Introduction: Human ZIKV infection, historically known as a mild, self-limiting arboviral illness circulating in Africa and Southeast Asia via Aedes mosquito bites, has emerged as a cause of severe neurological damage as it has spread to the Americas (Reynolds 2017). Post-2013 ZIKV outbreaks have been found to cause a wide range of neurological consequences including Guillan-Barre Syndrome after adult infection and permanent, severe fetal CNS malformations after intrauterine transmission during the first two trimesters of pregnancy (Li 2016, Retallack 2016, Song 2017). Because the mechanistic basis of ZIKV pathogenesis remains poorly understood, there is no effective treatment for infection and the only recommended strategy for prevention of infection remains avoiding mosquito bites. Methods: Challenges to understanding ZIKV pathogenesis include technical obstacles of examining an intrauterine CNS disease process involving temporally and spatially regulated signaling between multiple differentiating cell populations in a growing, folding 3D environment.

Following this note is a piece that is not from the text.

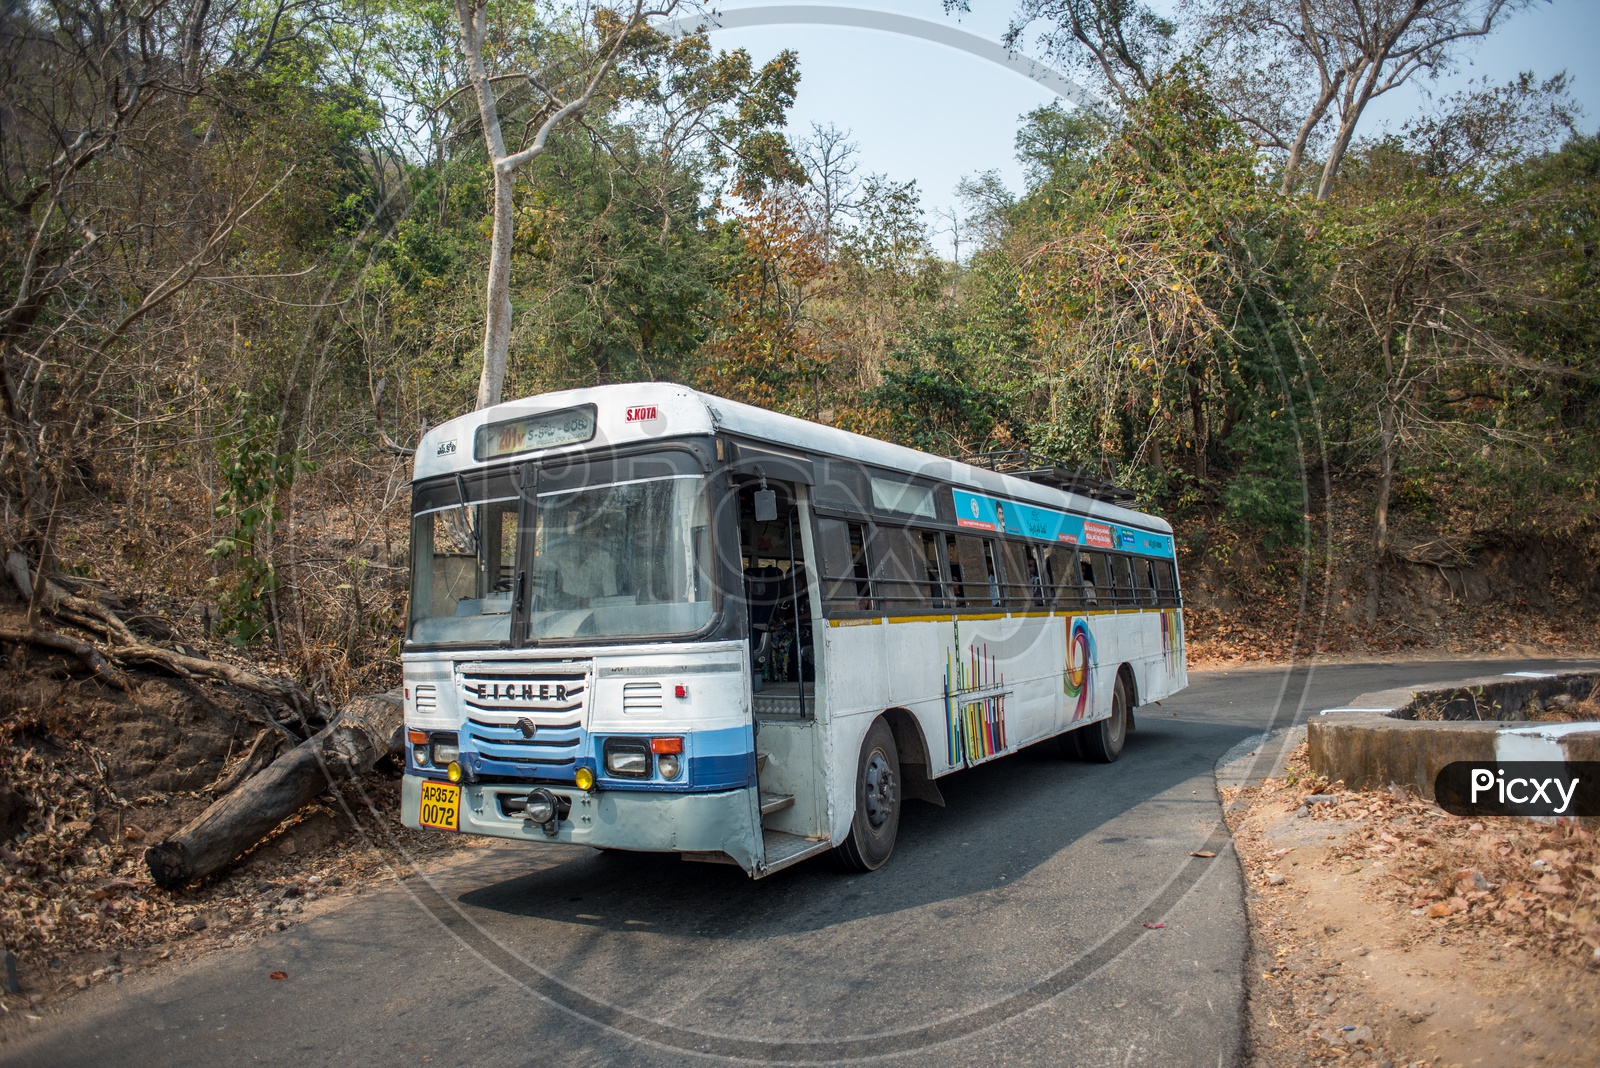 APSRTC buses in araku ghat road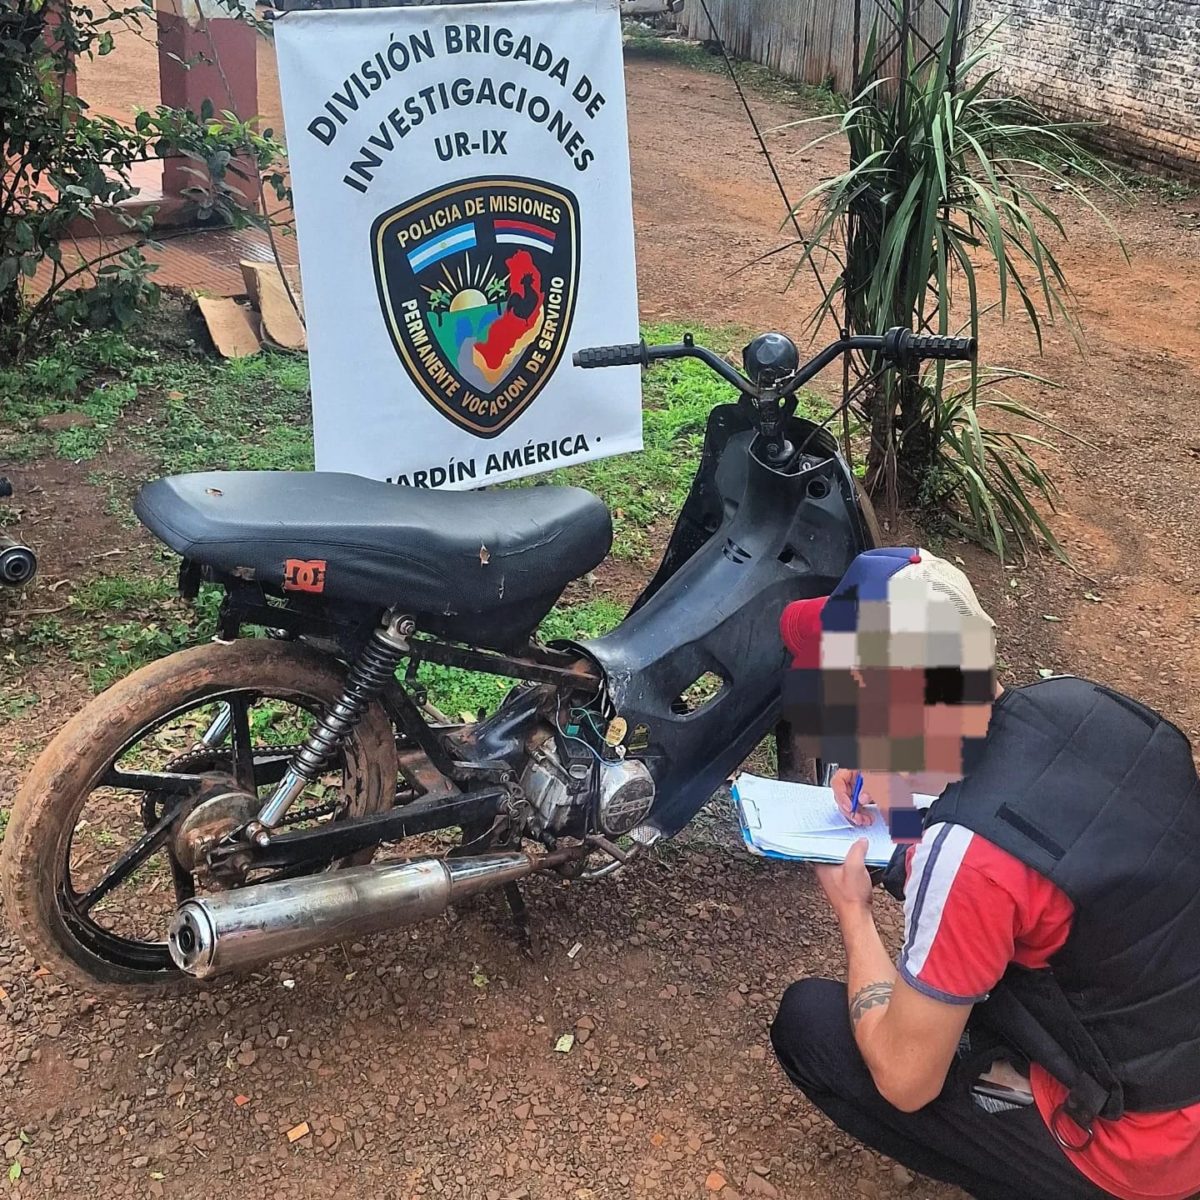 La Policía de Misiones recuperó 7 motos robadas por una banda delictiva en Jardín América y los integrantes continúan detenidos

An emerging tool for overcoming such technical limitations has been the use of induced human pluripotent stem cells (Kelava 2016) and the development of increasingly refined human stem cell-derived cerebral organoids (Lancaster 2013, Qian 2016). Results: Non-exclusive mechanisms proposed to explain how ZIKC depletes NPCs include NPC cell death (Retallack 2016) due to induction of local neuroinflammation (Lum 2017), ZIKV-mediated dysregulation of pro-apoptotic signaling (Souza 2016, Dang 2016), and ZIKV-mediated dysregulation of cell cycle progression (Gabriel 2017). Conclusion: A growing body of evidence suggests fetal ZIKV infection causes microcephaly by selectively infecting and depleting neuroprogenitor cells (NPCs) in the developing CNS. Use of human iPSC and cerebral organoid models will be helpful in much-needed further inquiry into the precise underlying pathogenic mechanisms of fetal ZIKV infection, including characterization of viral virulence and host susceptibility factors, clinical course of maternal and fetal infection, and development of more sensitive and effective detection and antiviral treatment for maternal infection.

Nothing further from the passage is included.